__ABOUT THIS EXERCISE__:
Excluding all pictures, please output the listing exactly.

__DATA EXTRACT__:

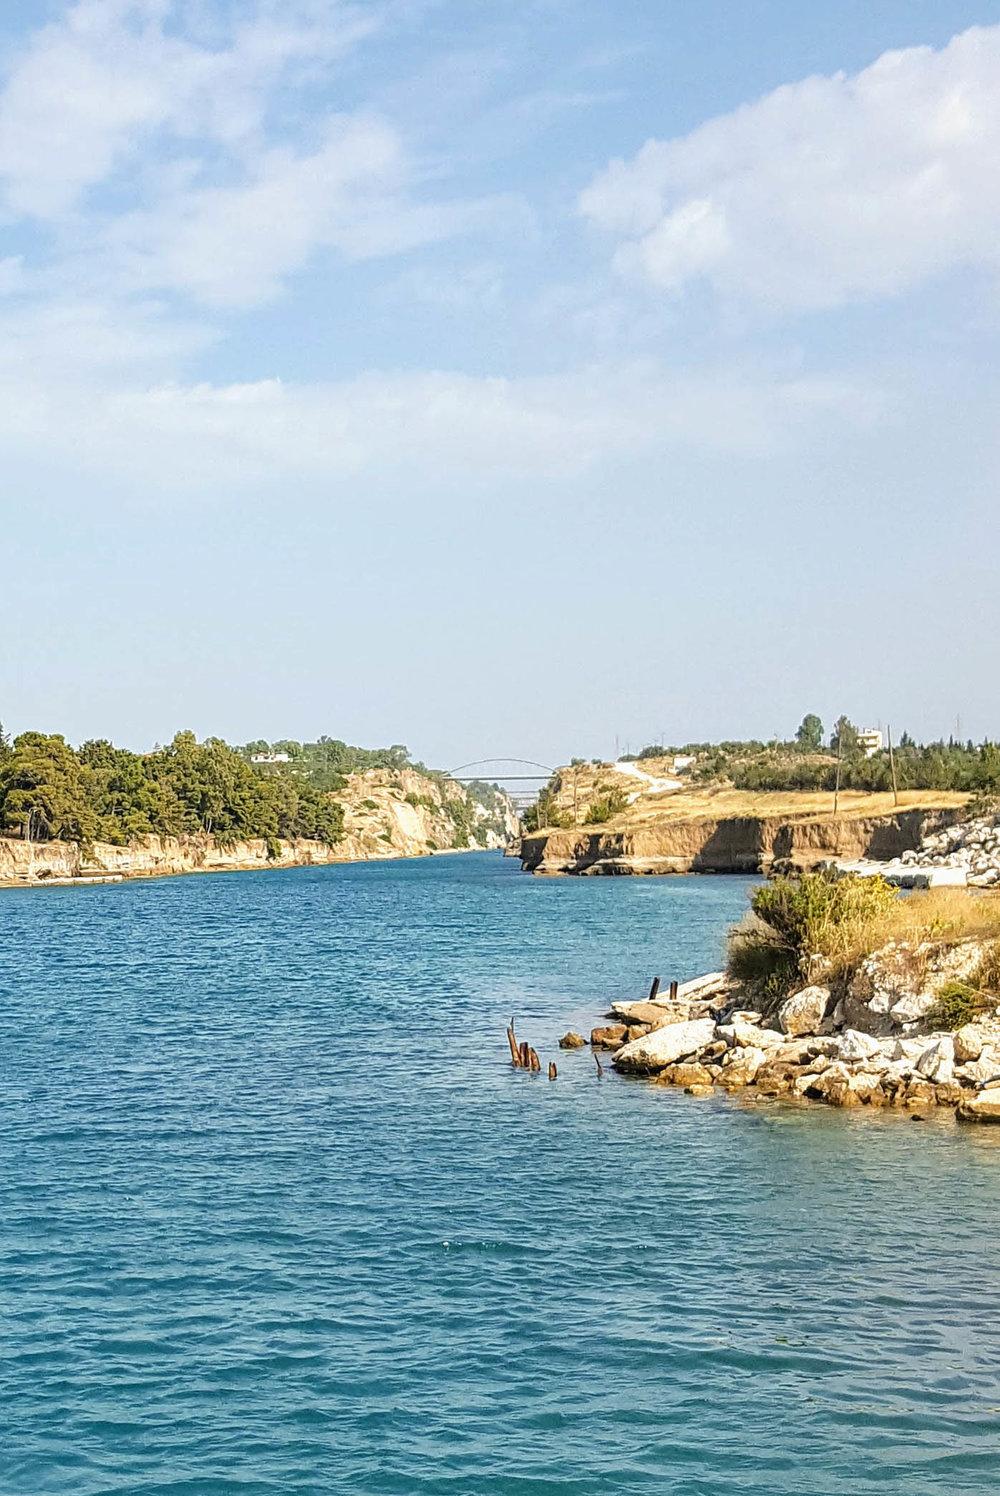 Corinth bridge and diolkos.jpg
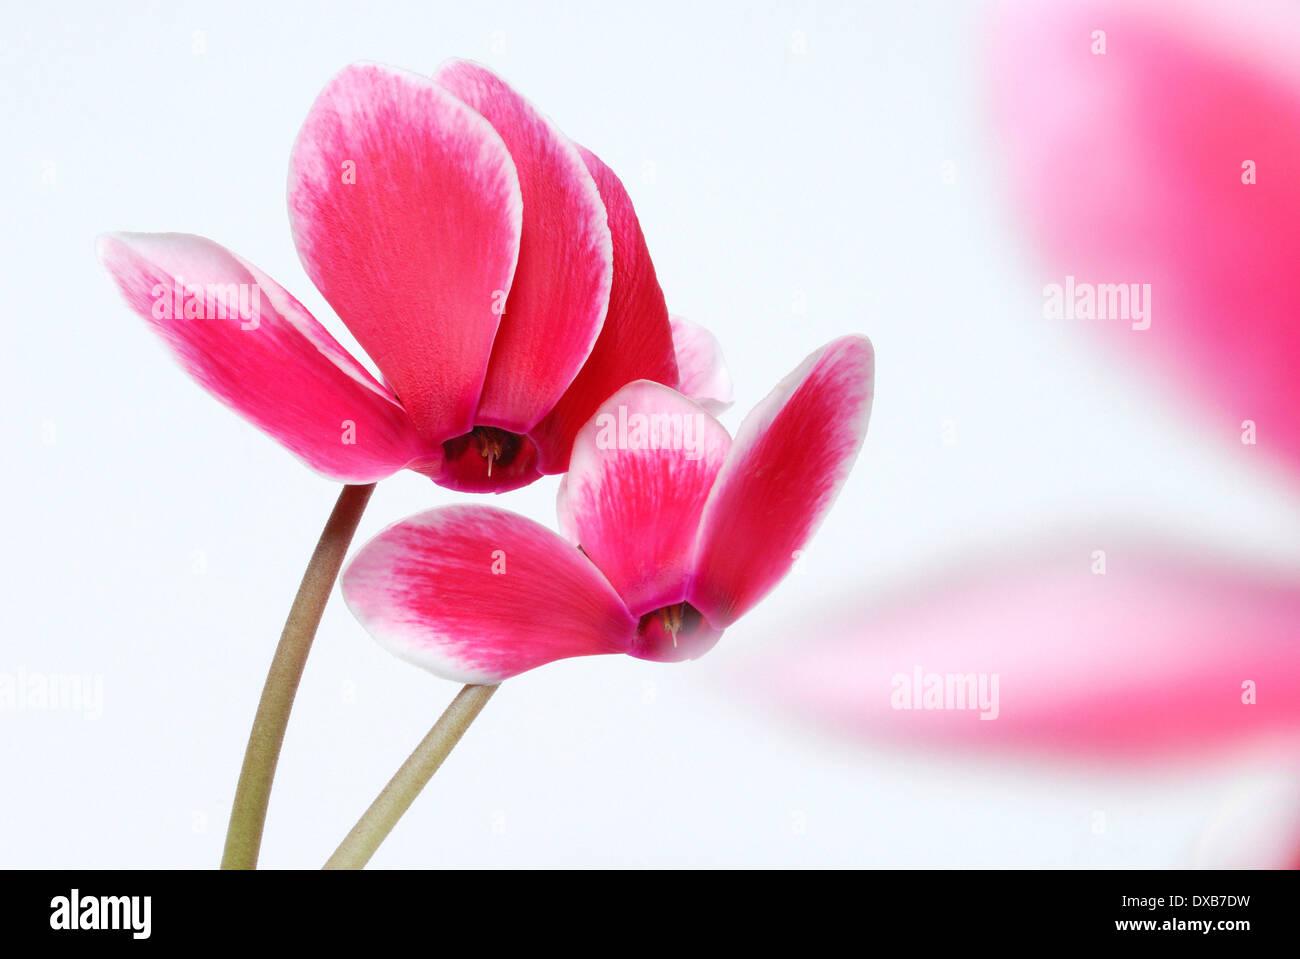 Cyclamen - Stock Image
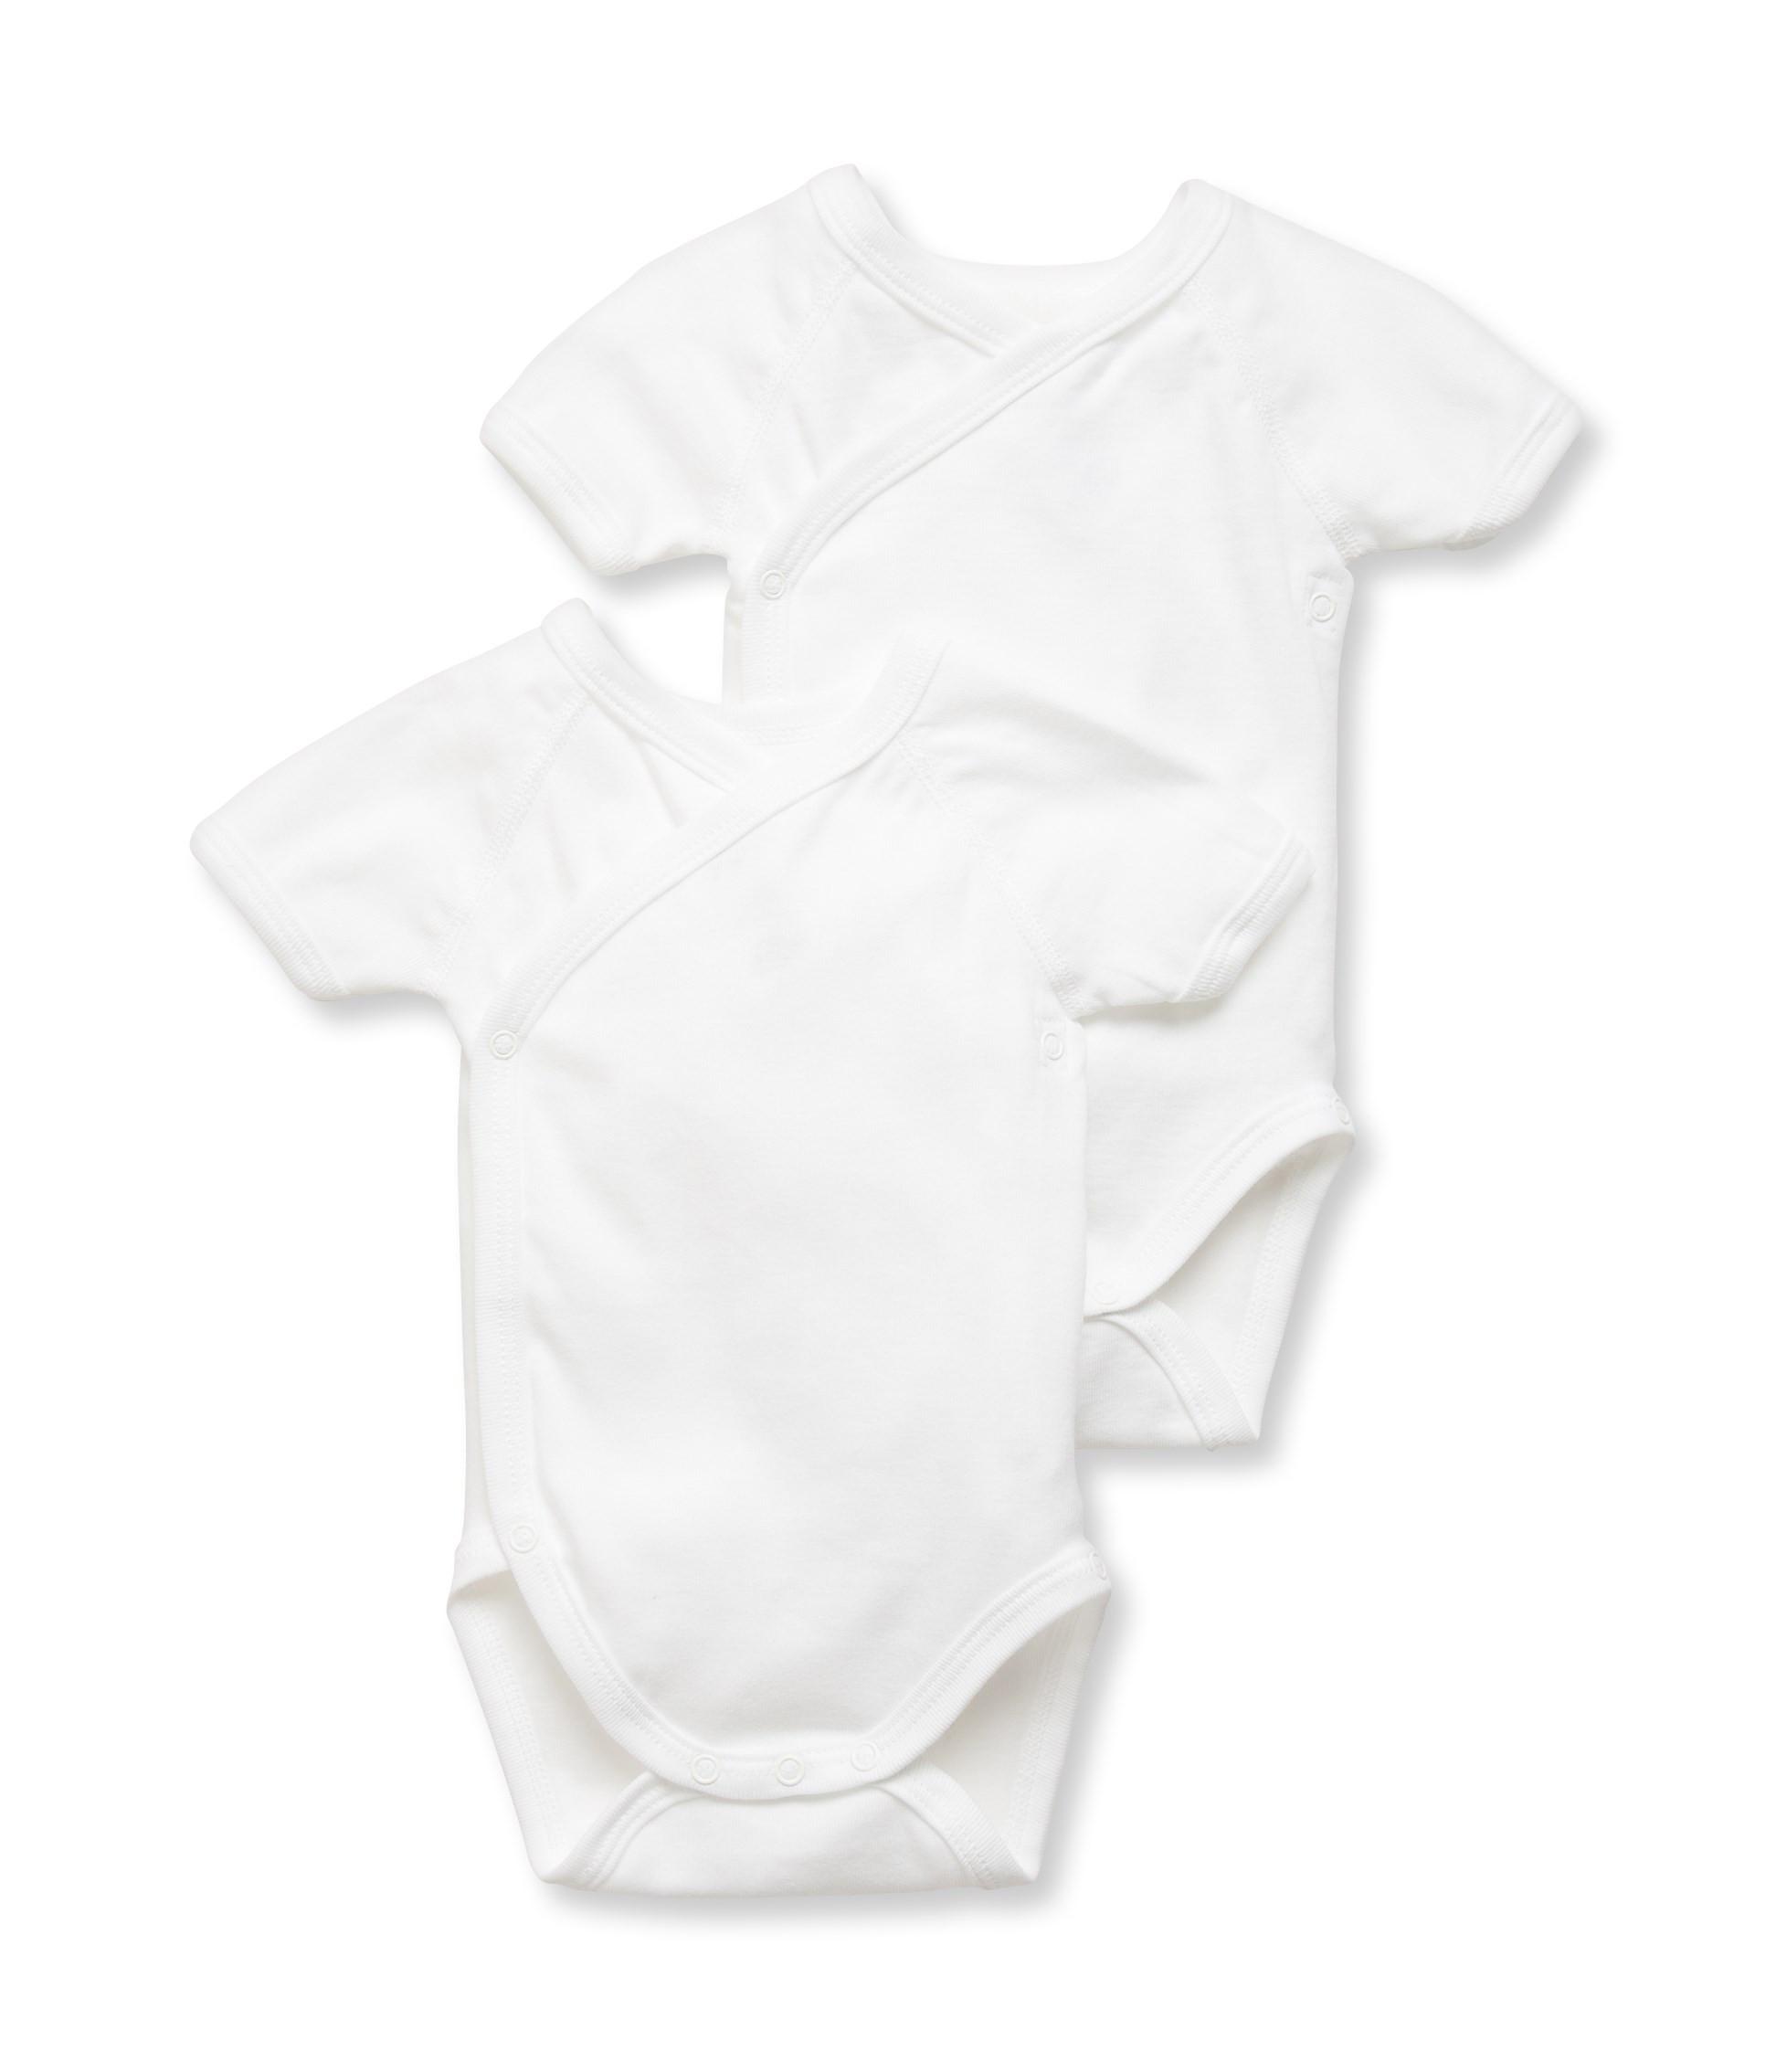 body nascita unisex maniche corte con 2pezzi art 15092 petit bateau colore bianco. Black Bedroom Furniture Sets. Home Design Ideas

__ANSWER AREA__:
 Corinth bridge and diolkos.jpg
 Cyclamen - Stock Image
 body nascita unisex maniche corte con 2pezzi art 15092 petit bateau colore bianco. Black Bedroom Furniture Sets. Home Design Ideas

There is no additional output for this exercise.